Before every single call to process.evaluate(), you should invoke process.should_terminate(). This function returns True if the optimization algorithm should stop whatever it is doing and return. This can happen when a solution of sufficiently good quality is reached, when the maximum number of FEs is exhausted, or when the computational budget in terms of runtime is exhausted.

Since many optimization algorithms make random choices, the function process.get_random() returns a random number generator. This generator must be the only source of randomness used by an algorithm. It will automatically be seeded by our system, allowing for repeatable and reproducible runs.

The process also can provide information about the best-so-far solution or point in the search space, the consumed runtime and FEs, as well as when the last improvement was achieved. Anyway, all interaction between the algorithm and the actual optimization algorithm will happen through the process object.

Equipped with this information, we can develop a simple and rather stupid algorithm to attack the sorting problem. The search space that we use are the permutations of n numbers. (These will be internally represented as numpy ndarrays, but we do not need to bother with this, as we this is done automatically for us.) Our algorithm should start with allocating a point x_cur in the search space, filling it with the numbers 0..n-1, and shuffling it randomly (because we want to start at a random solution). For the shuffling, it will use than random number generator provided by process. It will evaluate this solution and remember its quality in variable f_cur. It will also allocate a second container x_new for permutations.

In each step, our algorithm will copy x_cur to x_new. Then, it will use the random number generator to draw two numbers i and j from 0..n-1. It will swap the two numbers at these indices in x_new, i.e., exchange x_new[i], x_new[j] = x_new[j], x_new[i]. We then evaluate x_new and if the resulting objective value f_new is better than f_cur, we swap x_new and x_cur (which is faster than copying x_new to x_cur) and store f_new in f_cur.
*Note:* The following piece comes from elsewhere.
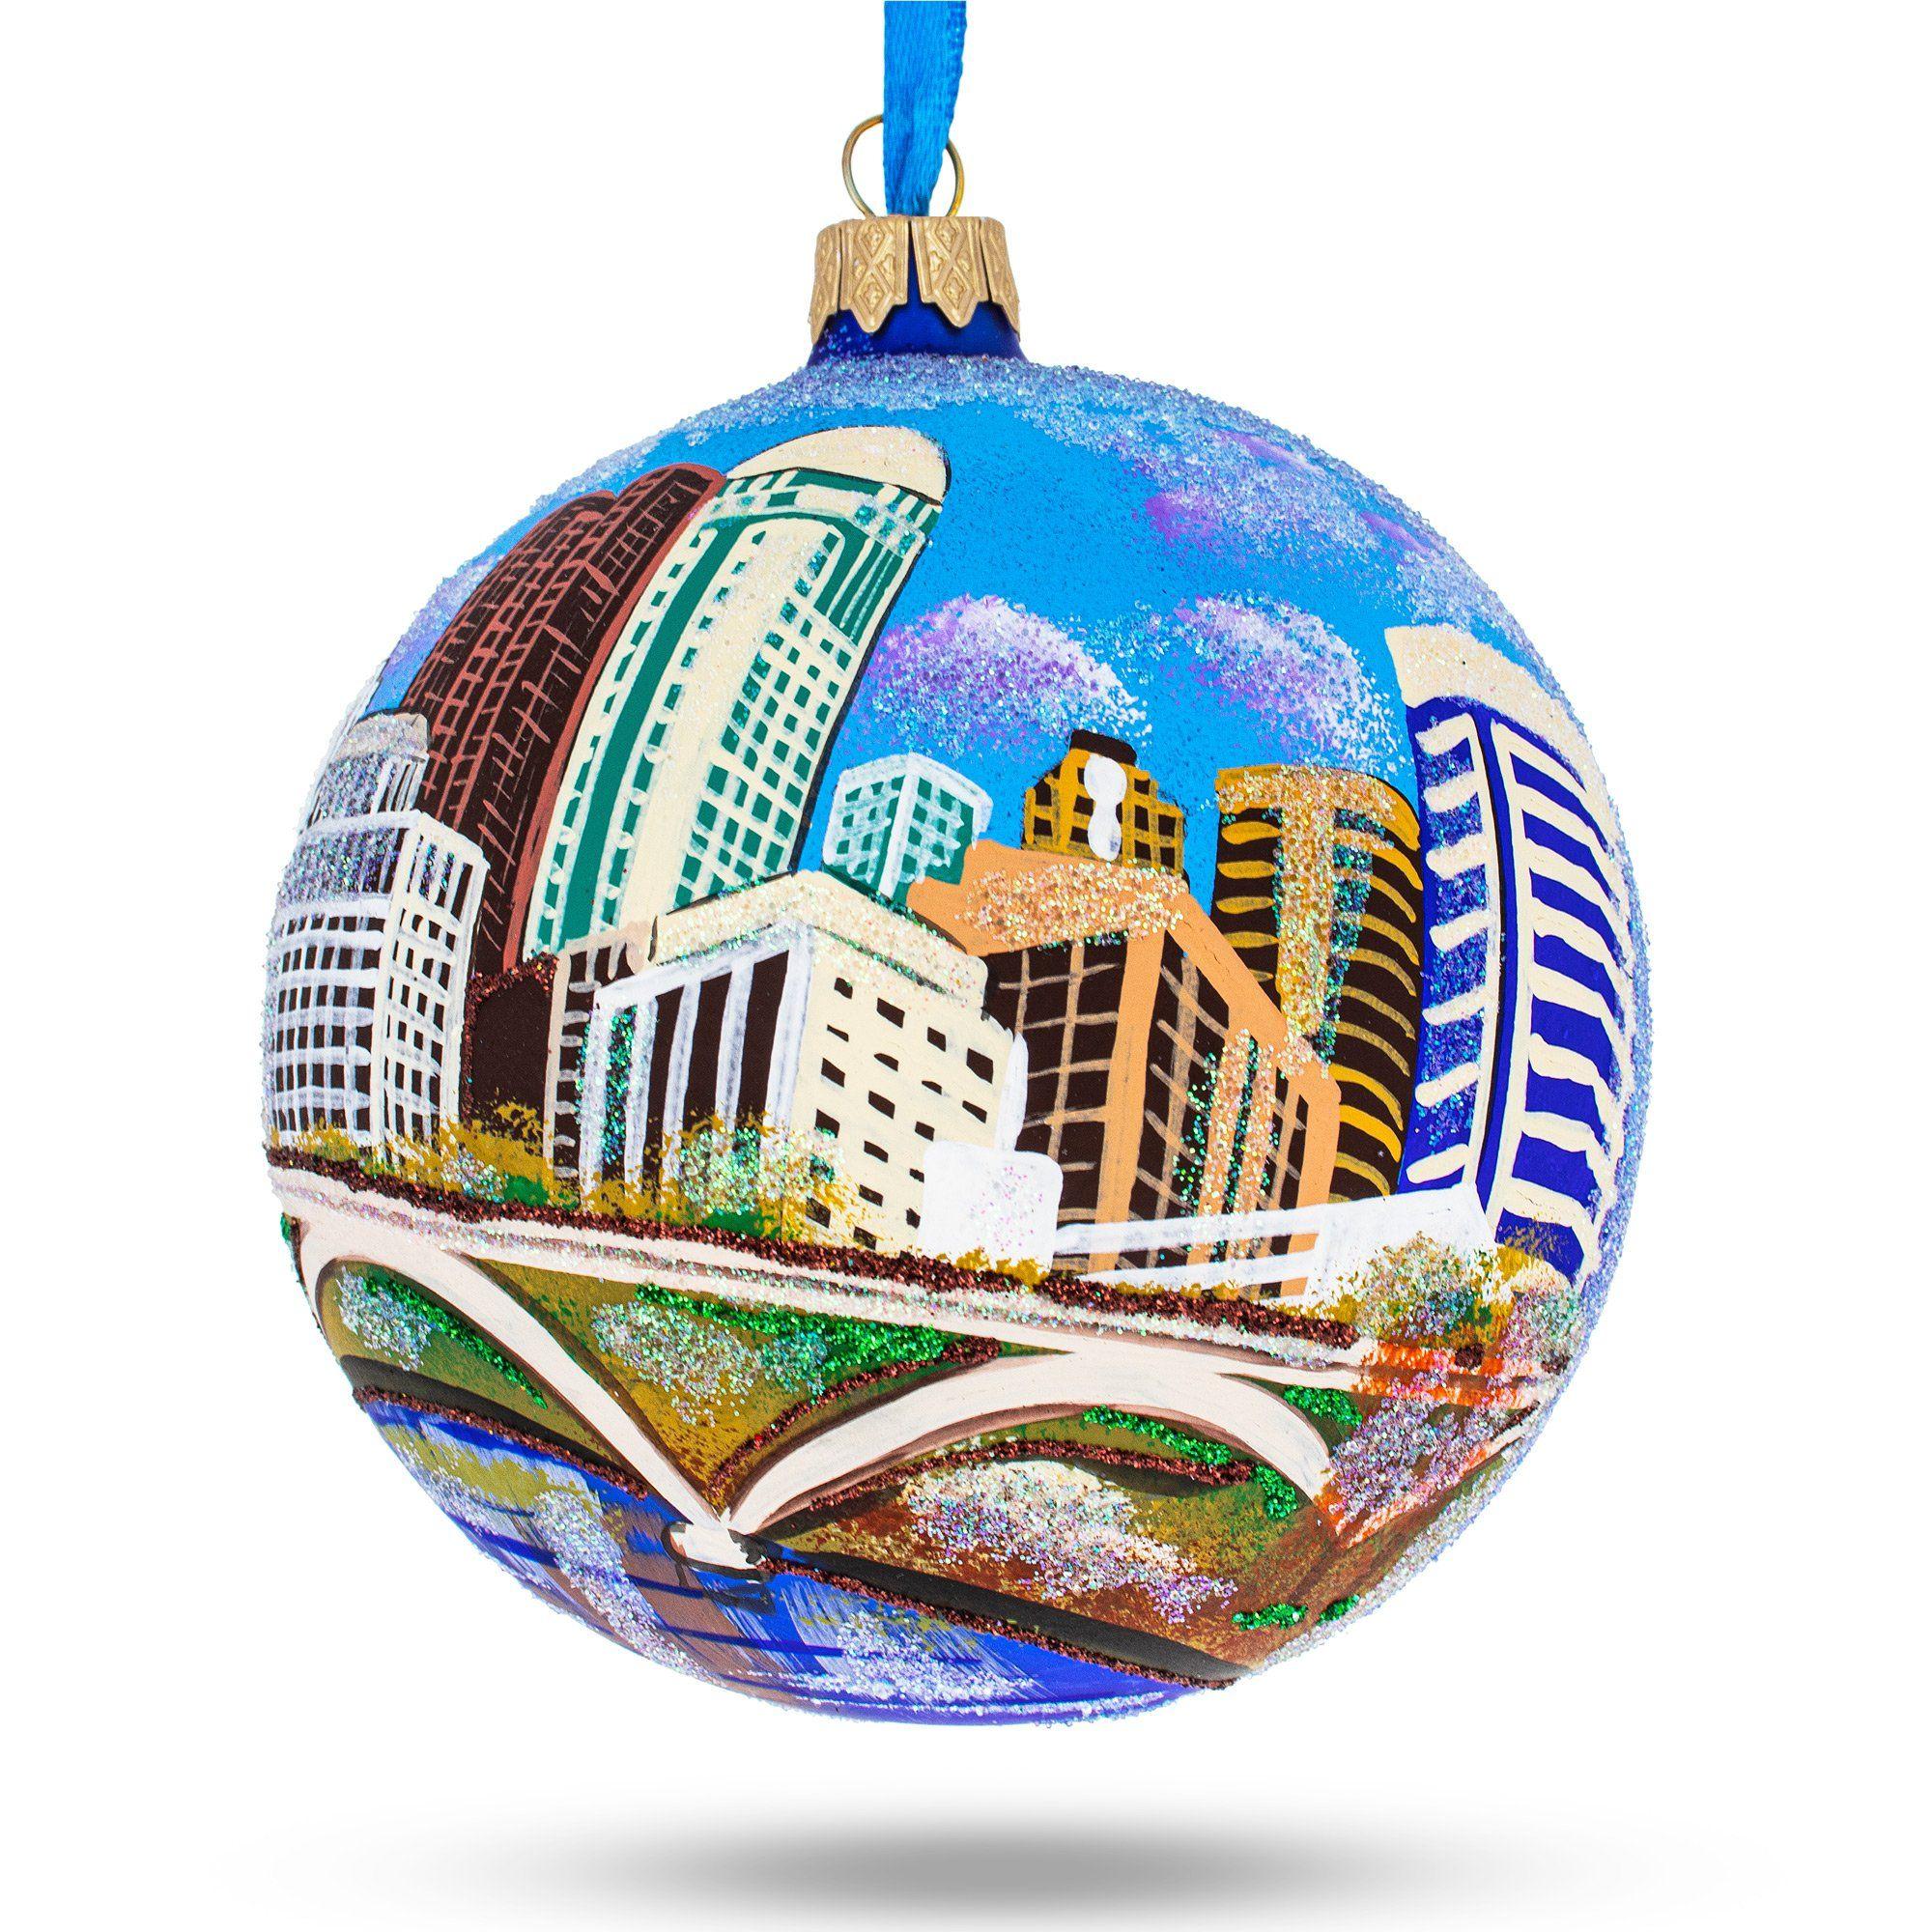 Columbus Ohio Glass Christmas Ornament 4 Inches Glass Christmas Ornaments Christmas Ornaments Personalized Ornaments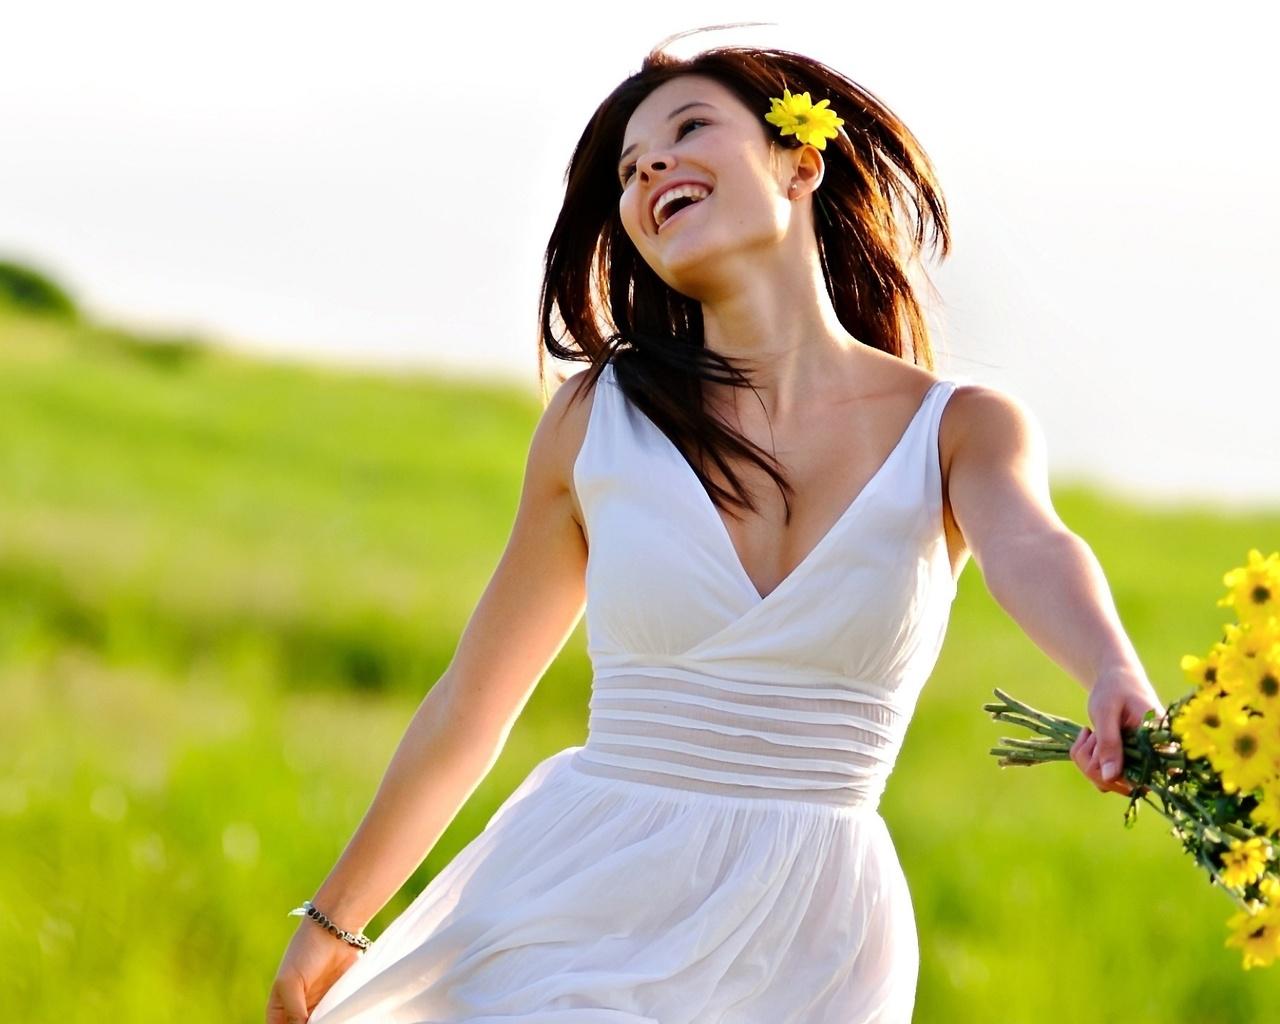 Картинка счастливая девушка

We repeat this until process.should_terminate() becomes True. All of this is implemented in the source code example below in Section 3.3.3.

Finally, as a side note: Our system can automatically store the results of optimization processes in log file. The process API also allows your algorithm to store additional information in these files: First, you can check with process.has_log() if the process was configured to store information in a log file. If this function returns True, then you can create a section with a given title in the log files that should contain one single string text by calling process.add_log_section(title, text). Make sure that all section titles are unique. All such sections will be appended at the end of the log files, wrapped in BEGIN_title and END_title markers, as prescribed by our log file format.

3.3.3. Applying an Own Algorithm to an Own Problem

The following code combines our own algorithm and our own problem type that we discussed in the prior two sections and executes an experiment. It is available as file examples/experiment_own_algorithm_and_problem. Notice how we provide functions for generating both the problem instances (here the objective functions) and the algorithm setups exactly as we described in Section 3.2. above.

from moptipy.api.algorithm import Algorithm
from moptipy.api.execution import Execution
from moptipy.api.experiment import run_experiment
from moptipy.api.objective import Objective
from moptipy.api.process import Process
from moptipy.evaluation.end_results import EndResult
from moptipy.spaces.permutations import Permutations
from pycommons.io.temp import temp_dir


class MySortProblem(Objective):
    """An objective function that rates how well a permutation is sorted."""

    def __init__(self, n: int) -> None:
        """
        Initialize: Set the number of values to sort.

        :param n: the scale of the problem
        """
        super().__init__()
        #: the number of numbers to sort
        self.n = n

    def evaluate(self, x) -> int:
        """
        Compute how often a bigger number follows a smaller one.

        :param x: the permutation
        """
        errors = 0  # we start at zero errors
        for i in range(self.n - 1):  # for i in 0..n-2
            if x[i] > x[i + 1]:  # that's a sorting error!
                errors += 1  # so we increase the number
        return errors  # return result

    def lower_bound(self) -> int:
        """
        Get the lower bound: 0 errors is the optimum.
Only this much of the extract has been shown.